Calin and Zenz - DKFZ/MD Anderson SINF Awardees
Deciphering the role of non-coding RNA in chronic lymphocytic leukemia (CLL)
George Calin and Thorsten Zenz (DKFZ), along with Martina Seiffert, Peter Lichter, Daniel Mertens, Rainer Claus, Christoph Plass, Axel Benner, and Hanno Glimm (DKFZ)
George Calin, M.D., Ph.D., is a rebel. Not in the sense of a 1950s, motorcycle-riding, cigarette-smoking, going-wherever-the-road-takes-you rebel, but as an individual and a scientist seeking answers. He rebels against the notion of an aloof physician-scientist who feels he is wasting his time with anyone who is not also a physician-scientist. He rebels against the idea that one must always be staunch and serious and he rebels against the idea that cancer cannot actually be cured. According to Calin, at least part of the solution to the latter lies in expanded understanding of non-coding ribonucleic acid (ncRNA).
Non-coding RNAs are functional genes but do not code for a protein, an idea which was considered a heresy initially by many scientists, because the general assumption had been that proteins are the primary, functional product of genetic information. Research over the past decade has shown the majority of mammalian genomes are also transcribed into ncRNAs. Many of these ncRNAs and their smaller products, do contain information and have a function, although the majority of those functions remain unknown. The deletion of two of those smaller products, micro RNAs (miRNA) 15a and 16-1, have been shown by Calin and colleagues to cause chronic lymphocytic leukemia (CLL), the most frequent form of adult leukemia in humans. Regulators of gene expression, miRNAs expressed abnormally in tumors can either contribute to oncogenesis or to suppression. Calin was the first scientist to illustrate the connection between miRNA and cancer in humans.
Calin’s DKFZ colleague, Thorsten Zenz, M.D., Ph.D., shares the desire to improve cancer patient care and treatment and has spent his career trying to do so for those with CLL. Zenz’s group has contributed to the understanding of the mechanisms underlying CLL and how that structure affects treatment and ultimately care. His group illustrated that defects in the tumor suppressor protein p53 can lead to both CLL and treatment-resistant CLL, known as refractory. Zenz’s group contributed to the research body illustrating 17p deletion, a chromosome on the tumor protein 53 gene (TP53), leads to CLL resistant to chemotherapy. Even with their genetic understanding of CLL, however, Zenz’s group showed physicians can only predict about half of the cases that will become refractory.

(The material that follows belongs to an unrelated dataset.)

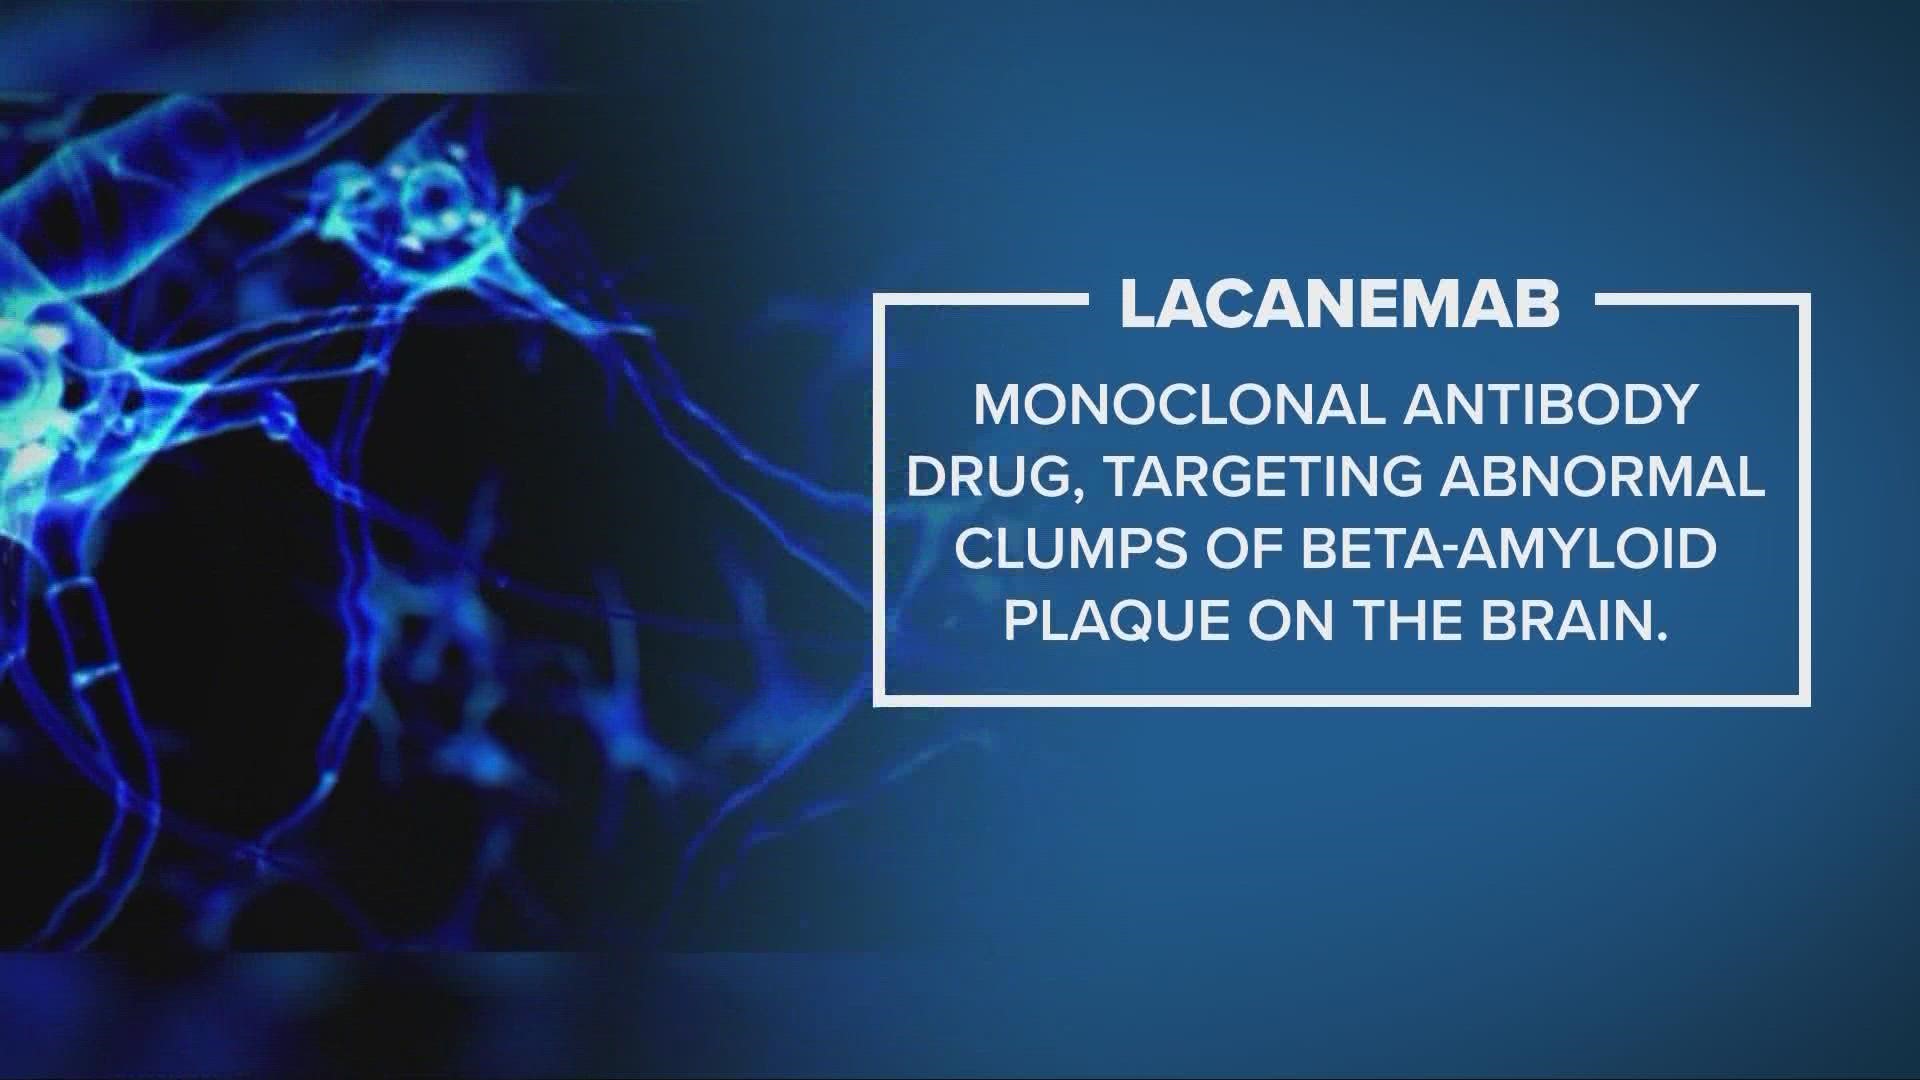 Lecanemab showed it helped slow cognitive decline by 27% but more research needed relating to safety risks.
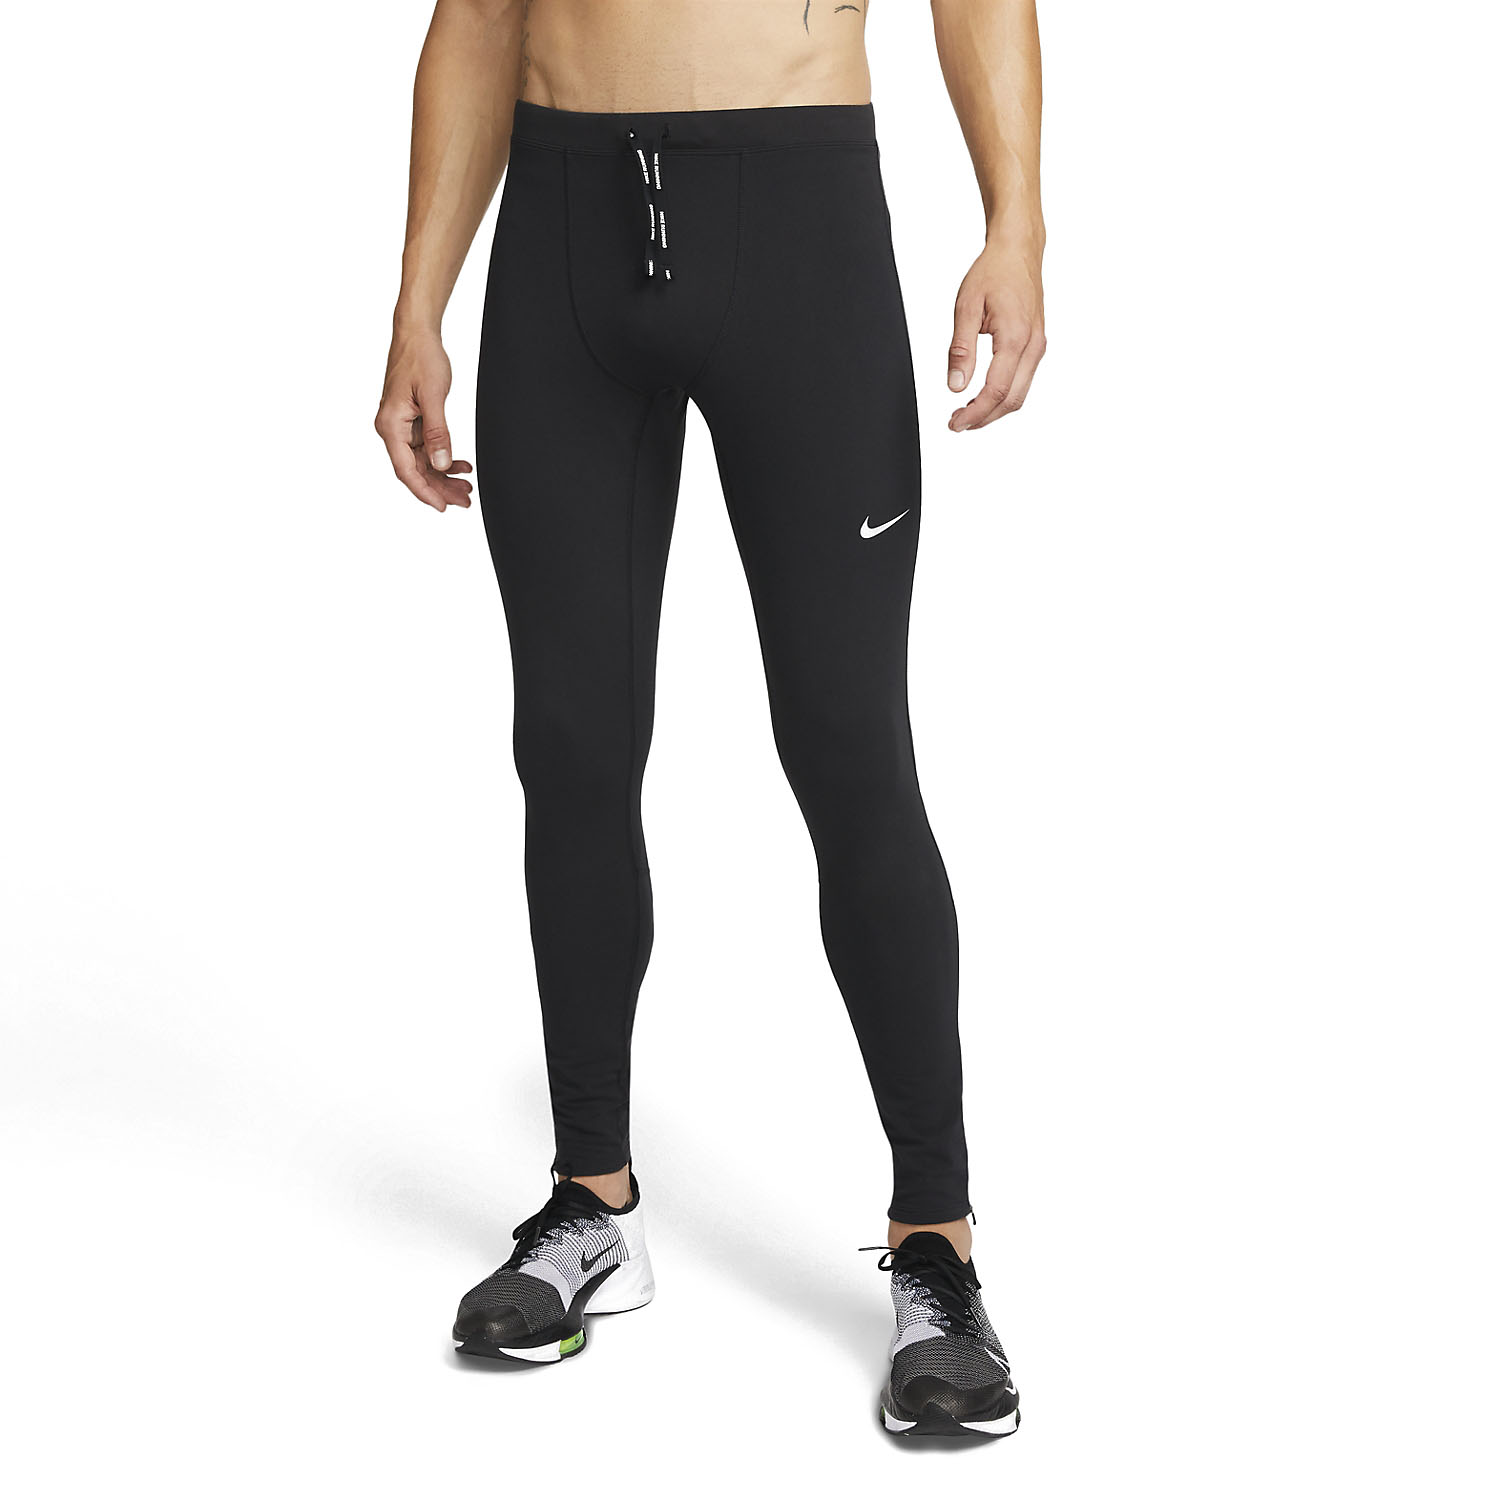 Nike Repel Challenger Long Tights - Black/Reflective Silver

He wants to know what is causing the other half.
Zenz and Calin think ncRNAs and miRNAs are at least part of the cause and want to determine which of these associated with p53 result in CLL and refractory CLL. But they do not believe the ncRNAs will account for all the unaccounted p53 resultant CLL. Therefore, they also hope to determine other mechanisms not associated with p53 that are leading to CLL. Coming full-circle back to the patient, the research project aims to show, in a clinical setting, the impact of the deregulated ncRNA on CLL and Richter transformation, which occurs when CLL changes to fast-growing, diffuse large B cell lymphoma (DLBL). By accounting for these knowledge gaps, Zenz and Calin hope to define predictive biomarkers, thereby allowing physicians to make better decisions about treatment.